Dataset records
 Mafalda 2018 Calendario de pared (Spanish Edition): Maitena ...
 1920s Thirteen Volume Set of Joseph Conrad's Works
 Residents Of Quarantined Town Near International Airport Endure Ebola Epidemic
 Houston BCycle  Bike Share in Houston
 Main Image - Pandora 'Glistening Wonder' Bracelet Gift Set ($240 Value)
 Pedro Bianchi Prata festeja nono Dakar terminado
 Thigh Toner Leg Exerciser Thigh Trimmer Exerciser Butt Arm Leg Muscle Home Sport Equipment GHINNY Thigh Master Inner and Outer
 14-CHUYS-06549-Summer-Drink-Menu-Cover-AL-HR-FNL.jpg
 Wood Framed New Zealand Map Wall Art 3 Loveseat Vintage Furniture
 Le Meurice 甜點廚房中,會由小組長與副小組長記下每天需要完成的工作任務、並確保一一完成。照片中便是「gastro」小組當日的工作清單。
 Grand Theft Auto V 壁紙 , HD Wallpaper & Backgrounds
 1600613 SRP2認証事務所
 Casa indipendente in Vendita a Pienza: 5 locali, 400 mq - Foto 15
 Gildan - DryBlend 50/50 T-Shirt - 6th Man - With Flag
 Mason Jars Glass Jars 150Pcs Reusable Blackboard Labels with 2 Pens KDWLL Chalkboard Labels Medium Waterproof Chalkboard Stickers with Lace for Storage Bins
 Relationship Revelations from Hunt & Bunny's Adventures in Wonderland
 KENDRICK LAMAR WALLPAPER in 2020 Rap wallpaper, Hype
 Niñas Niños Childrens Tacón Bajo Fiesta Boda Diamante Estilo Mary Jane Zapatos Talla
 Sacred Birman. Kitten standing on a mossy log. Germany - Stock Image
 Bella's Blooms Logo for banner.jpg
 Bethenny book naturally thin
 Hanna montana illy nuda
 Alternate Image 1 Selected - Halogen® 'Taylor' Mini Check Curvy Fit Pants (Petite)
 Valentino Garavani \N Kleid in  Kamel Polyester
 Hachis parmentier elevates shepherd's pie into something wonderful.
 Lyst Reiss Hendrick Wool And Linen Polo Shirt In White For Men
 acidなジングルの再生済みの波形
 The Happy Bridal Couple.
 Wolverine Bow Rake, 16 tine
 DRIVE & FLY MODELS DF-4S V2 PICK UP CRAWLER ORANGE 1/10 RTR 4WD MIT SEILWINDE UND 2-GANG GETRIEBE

PROBLEM TO SOLVE:
Take the lines above from the one containing "Wood Framed New" to the one containing "Hanna montana illy nuda" and retype them exactly, both ends included, with nothing added.

REPLY TO THE TASK:
 Wood Framed New Zealand Map Wall Art 3 Loveseat Vintage Furniture
 Le Meurice 甜點廚房中,會由小組長與副小組長記下每天需要完成的工作任務、並確保一一完成。照片中便是「gastro」小組當日的工作清單。
 Grand Theft Auto V 壁紙 , HD Wallpaper & Backgrounds
 1600613 SRP2認証事務所
 Casa indipendente in Vendita a Pienza: 5 locali, 400 mq - Foto 15
 Gildan - DryBlend 50/50 T-Shirt - 6th Man - With Flag
 Mason Jars Glass Jars 150Pcs Reusable Blackboard Labels with 2 Pens KDWLL Chalkboard Labels Medium Waterproof Chalkboard Stickers with Lace for Storage Bins
 Relationship Revelations from Hunt & Bunny's Adventures in Wonderland
 KENDRICK LAMAR WALLPAPER in 2020 Rap wallpaper, Hype
 Niñas Niños Childrens Tacón Bajo Fiesta Boda Diamante Estilo Mary Jane Zapatos Talla
 Sacred Birman. Kitten standing on a mossy log. Germany - Stock Image
 Bella's Blooms Logo for banner.jpg
 Bethenny book naturally thin
 Hanna montana illy nuda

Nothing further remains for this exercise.